__Brief__. Each record below must be returned exactly as shown.

__Material for the task__.
########################################

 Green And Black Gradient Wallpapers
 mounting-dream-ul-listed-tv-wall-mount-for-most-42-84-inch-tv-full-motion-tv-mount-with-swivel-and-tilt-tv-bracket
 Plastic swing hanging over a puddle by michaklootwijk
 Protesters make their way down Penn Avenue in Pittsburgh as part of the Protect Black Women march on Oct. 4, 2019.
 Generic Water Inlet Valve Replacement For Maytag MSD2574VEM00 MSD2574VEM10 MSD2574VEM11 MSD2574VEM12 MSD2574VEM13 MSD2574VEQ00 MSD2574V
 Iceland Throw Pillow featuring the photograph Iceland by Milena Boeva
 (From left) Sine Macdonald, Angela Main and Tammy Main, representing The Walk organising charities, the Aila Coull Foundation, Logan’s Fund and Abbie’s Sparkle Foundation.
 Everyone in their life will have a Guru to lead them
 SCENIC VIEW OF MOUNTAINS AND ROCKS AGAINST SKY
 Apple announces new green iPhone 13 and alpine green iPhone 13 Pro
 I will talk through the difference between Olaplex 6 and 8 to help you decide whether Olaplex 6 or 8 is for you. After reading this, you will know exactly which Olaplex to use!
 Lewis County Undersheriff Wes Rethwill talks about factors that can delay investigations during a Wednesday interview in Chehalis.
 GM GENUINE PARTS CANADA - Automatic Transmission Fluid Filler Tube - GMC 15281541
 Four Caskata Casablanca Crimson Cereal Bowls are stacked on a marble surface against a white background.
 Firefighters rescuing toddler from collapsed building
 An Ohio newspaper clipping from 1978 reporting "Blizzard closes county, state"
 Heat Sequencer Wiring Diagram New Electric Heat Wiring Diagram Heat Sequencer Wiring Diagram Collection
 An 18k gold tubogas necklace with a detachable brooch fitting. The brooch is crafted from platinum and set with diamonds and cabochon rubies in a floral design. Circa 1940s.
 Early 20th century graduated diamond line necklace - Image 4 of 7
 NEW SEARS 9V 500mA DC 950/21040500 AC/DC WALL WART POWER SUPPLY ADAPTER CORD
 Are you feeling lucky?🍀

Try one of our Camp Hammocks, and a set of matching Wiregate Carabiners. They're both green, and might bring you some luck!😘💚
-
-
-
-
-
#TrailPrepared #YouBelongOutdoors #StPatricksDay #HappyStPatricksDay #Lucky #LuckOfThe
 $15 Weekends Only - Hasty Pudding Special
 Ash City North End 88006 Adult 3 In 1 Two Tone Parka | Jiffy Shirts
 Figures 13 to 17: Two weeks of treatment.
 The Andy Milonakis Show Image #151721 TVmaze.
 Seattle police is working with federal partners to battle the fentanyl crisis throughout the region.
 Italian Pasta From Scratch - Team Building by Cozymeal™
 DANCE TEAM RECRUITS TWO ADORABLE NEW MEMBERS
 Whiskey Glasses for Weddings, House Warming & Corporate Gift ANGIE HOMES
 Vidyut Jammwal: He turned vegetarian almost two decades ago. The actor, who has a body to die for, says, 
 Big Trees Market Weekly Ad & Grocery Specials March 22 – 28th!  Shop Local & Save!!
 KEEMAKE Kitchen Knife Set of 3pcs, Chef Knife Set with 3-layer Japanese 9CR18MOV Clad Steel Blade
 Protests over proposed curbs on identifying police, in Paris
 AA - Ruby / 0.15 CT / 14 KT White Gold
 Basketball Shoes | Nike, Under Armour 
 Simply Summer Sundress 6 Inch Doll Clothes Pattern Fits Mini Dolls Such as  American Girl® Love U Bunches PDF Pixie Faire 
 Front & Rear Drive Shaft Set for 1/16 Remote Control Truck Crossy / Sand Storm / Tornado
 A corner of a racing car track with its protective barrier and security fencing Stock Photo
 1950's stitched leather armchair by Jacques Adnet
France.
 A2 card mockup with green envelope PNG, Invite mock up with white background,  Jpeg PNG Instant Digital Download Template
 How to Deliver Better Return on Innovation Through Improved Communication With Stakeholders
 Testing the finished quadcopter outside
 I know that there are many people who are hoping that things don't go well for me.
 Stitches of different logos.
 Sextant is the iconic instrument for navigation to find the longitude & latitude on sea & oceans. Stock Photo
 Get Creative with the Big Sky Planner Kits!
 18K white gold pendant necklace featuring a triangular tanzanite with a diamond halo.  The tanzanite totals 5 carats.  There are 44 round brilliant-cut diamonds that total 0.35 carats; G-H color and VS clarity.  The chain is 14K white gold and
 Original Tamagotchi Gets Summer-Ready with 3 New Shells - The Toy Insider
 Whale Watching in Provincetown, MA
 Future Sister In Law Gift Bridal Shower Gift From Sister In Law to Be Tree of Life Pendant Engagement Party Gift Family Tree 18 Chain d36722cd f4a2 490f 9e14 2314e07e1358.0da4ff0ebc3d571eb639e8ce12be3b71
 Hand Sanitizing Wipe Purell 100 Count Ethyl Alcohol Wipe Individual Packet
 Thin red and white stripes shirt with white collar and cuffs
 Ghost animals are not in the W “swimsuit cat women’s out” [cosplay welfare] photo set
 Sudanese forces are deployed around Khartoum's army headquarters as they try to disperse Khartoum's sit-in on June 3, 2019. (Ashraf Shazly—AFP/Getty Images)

########################################

__Worked solution__.
 Green And Black Gradient Wallpapers
 mounting-dream-ul-listed-tv-wall-mount-for-most-42-84-inch-tv-full-motion-tv-mount-with-swivel-and-tilt-tv-bracket
 Plastic swing hanging over a puddle by michaklootwijk
 Protesters make their way down Penn Avenue in Pittsburgh as part of the Protect Black Women march on Oct. 4, 2019.
 Generic Water Inlet Valve Replacement For Maytag MSD2574VEM00 MSD2574VEM10 MSD2574VEM11 MSD2574VEM12 MSD2574VEM13 MSD2574VEQ00 MSD2574V
 Iceland Throw Pillow featuring the photograph Iceland by Milena Boeva
 (From left) Sine Macdonald, Angela Main and Tammy Main, representing The Walk organising charities, the Aila Coull Foundation, Logan’s Fund and Abbie’s Sparkle Foundation.
 Everyone in their life will have a Guru to lead them
 SCENIC VIEW OF MOUNTAINS AND ROCKS AGAINST SKY
 Apple announces new green iPhone 13 and alpine green iPhone 13 Pro
 I will talk through the difference between Olaplex 6 and 8 to help you decide whether Olaplex 6 or 8 is for you. After reading this, you will know exactly which Olaplex to use!
 Lewis County Undersheriff Wes Rethwill talks about factors that can delay investigations during a Wednesday interview in Chehalis.
 GM GENUINE PARTS CANADA - Automatic Transmission Fluid Filler Tube - GMC 15281541
 Four Caskata Casablanca Crimson Cereal Bowls are stacked on a marble surface against a white background.
 Firefighters rescuing toddler from collapsed building
 An Ohio newspaper clipping from 1978 reporting "Blizzard closes county, state"
 Heat Sequencer Wiring Diagram New Electric Heat Wiring Diagram Heat Sequencer Wiring Diagram Collection
 An 18k gold tubogas necklace with a detachable brooch fitting. The brooch is crafted from platinum and set with diamonds and cabochon rubies in a floral design. Circa 1940s.
 Early 20th century graduated diamond line necklace - Image 4 of 7
 NEW SEARS 9V 500mA DC 950/21040500 AC/DC WALL WART POWER SUPPLY ADAPTER CORD
 Are you feeling lucky?🍀

Try one of our Camp Hammocks, and a set of matching Wiregate Carabiners. They're both green, and might bring you some luck!😘💚
-
-
-
-
-
#TrailPrepared #YouBelongOutdoors #StPatricksDay #HappyStPatricksDay #Lucky #LuckOfThe
 $15 Weekends Only - Hasty Pudding Special
 Ash City North End 88006 Adult 3 In 1 Two Tone Parka | Jiffy Shirts
 Figures 13 to 17: Two weeks of treatment.
 The Andy Milonakis Show Image #151721 TVmaze.
 Seattle police is working with federal partners to battle the fentanyl crisis throughout the region.
 Italian Pasta From Scratch - Team Building by Cozymeal™
 DANCE TEAM RECRUITS TWO ADORABLE NEW MEMBERS
 Whiskey Glasses for Weddings, House Warming & Corporate Gift ANGIE HOMES
 Vidyut Jammwal: He turned vegetarian almost two decades ago. The actor, who has a body to die for, says, 
 Big Trees Market Weekly Ad & Grocery Specials March 22 – 28th!  Shop Local & Save!!
 KEEMAKE Kitchen Knife Set of 3pcs, Chef Knife Set with 3-layer Japanese 9CR18MOV Clad Steel Blade
 Protests over proposed curbs on identifying police, in Paris
 AA - Ruby / 0.15 CT / 14 KT White Gold
 Basketball Shoes | Nike, Under Armour 
 Simply Summer Sundress 6 Inch Doll Clothes Pattern Fits Mini Dolls Such as  American Girl® Love U Bunches PDF Pixie Faire 
 Front & Rear Drive Shaft Set for 1/16 Remote Control Truck Crossy / Sand Storm / Tornado
 A corner of a racing car track with its protective barrier and security fencing Stock Photo
 1950's stitched leather armchair by Jacques Adnet
France.
 A2 card mockup with green envelope PNG, Invite mock up with white background,  Jpeg PNG Instant Digital Download Template
 How to Deliver Better Return on Innovation Through Improved Communication With Stakeholders
 Testing the finished quadcopter outside
 I know that there are many people who are hoping that things don't go well for me.
 Stitches of different logos.
 Sextant is the iconic instrument for navigation to find the longitude & latitude on sea & oceans. Stock Photo
 Get Creative with the Big Sky Planner Kits!
 18K white gold pendant necklace featuring a triangular tanzanite with a diamond halo.  The tanzanite totals 5 carats.  There are 44 round brilliant-cut diamonds that total 0.35 carats; G-H color and VS clarity.  The chain is 14K white gold and
 Original Tamagotchi Gets Summer-Ready with 3 New Shells - The Toy Insider
 Whale Watching in Provincetown, MA
 Future Sister In Law Gift Bridal Shower Gift From Sister In Law to Be Tree of Life Pendant Engagement Party Gift Family Tree 18 Chain d36722cd f4a2 490f 9e14 2314e07e1358.0da4ff0ebc3d571eb639e8ce12be3b71
 Hand Sanitizing Wipe Purell 100 Count Ethyl Alcohol Wipe Individual Packet
 Thin red and white stripes shirt with white collar and cuffs
 Ghost animals are not in the W “swimsuit cat women’s out” [cosplay welfare] photo set
 Sudanese forces are deployed around Khartoum's army headquarters as they try to disperse Khartoum's sit-in on June 3, 2019. (Ashraf Shazly—AFP/Getty Images)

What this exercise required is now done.